Problems for children with poor self-control started to show when they were teens. Many started smoking early, had an unplanned baby and left school with no qualifications.
However, Professor Moffitt says children whose self-control improved over time tended to have better lives as adults than initially predicted.
“Self-control can change,” she says.
“This is a highly uplifting message. Not only could the most vulnerable children have a better chance at a happy and healthy life, but there is potential for across-the-board benefits in personal, social and economic well-being.”
So what is self-control? Here are some of the signs that the Dunedin researchers say point to a lack of self-control.

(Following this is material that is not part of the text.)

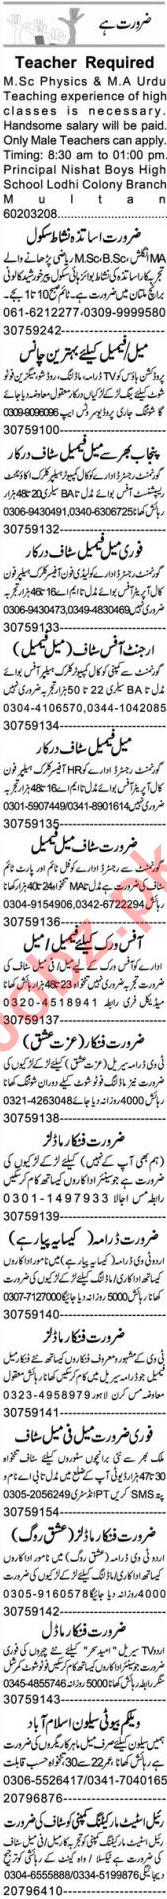 Teacher & Accountant Jobs 2021 in Multan

9 signs of poor self-control

  1. Flying off the handle
  2. Can’t tolerate feeling frustrated
  3. Short attention span
  4. Easily distracted
  5. Restless
  6. Overactive
  7. Poor impulse control
  8. Acting without thinking
  9. Difficulty waiting or taking turns
Encouraging children to be independent and to persevere helps develop self-control
Encouraging children to be independent and to persevere helps develop self-control
The Dunedin researchers say there are many promising programs to improve young children’s self-control.
Learning music, a martial art or a new language can be helpful, as can programs that involve teachers encouraging children to “plan, do, then review”. But there are even simpler methods.

Improving self-control

8 simple activities that increase self-control

  • Encourage dress-ups. Cooperative pretend play develops children’s self-awareness, self-discipline and ability to empathize with others.
  • Try yoga or meditation. In one study, preschoolers who followed a program of simple yoga and meditation exercises for 10-30 minutes a day over six months were less impulsive and better at waiting.
  • Give children independent tasks. Encouraging preschoolers to take on tasks without a teacher’s help shows them how rewarding it can be to persevere with challenges.
Promoting hobbies and playing games will help increase self-control
Promoting hobbies and playing games will help increase self-control
  • Promote hobbies. Whether it’s collecting baseball cards, making crafts or learning facts about dinosaurs, hobbies encourage children to set goals and develop concentration.
  • Play games. Rule-based games like Snap, Jenga, Simon Says and Red Light/Green Light teach children to delay gratification and control their impulses.
  • Offer children a choice between a treat now or a better treat later. If children can be helped to imagine the future goal, they are more likely to be able to control their impulses. And each victory over temptation strengthens a child’s self-control skills.
  • Praise effort rather than results. Instead of congratulating children on their achievements, say how impressed you are that they kept on trying until they succeeded.
  • Model self-control – in yourself and others. Research found that preschoolers who watched a video of Cookie Monster controlling his desire to eat a bowl of chocolate chip cookies were able to wait four minutes longer than children who watched a different Sesame Street video. As Cookie Monster says, “Me want it. But me wait.”

Impact on teachers

Helping preschoolers develop self-control has benefits for teachers as well as children – not least because children who can control their emotions, take turns and think before they act are easier to teach.
One longitudinal study of twins found children with low self-control can sap teacher’s energy for teaching other children, and may even lower their job satisfaction.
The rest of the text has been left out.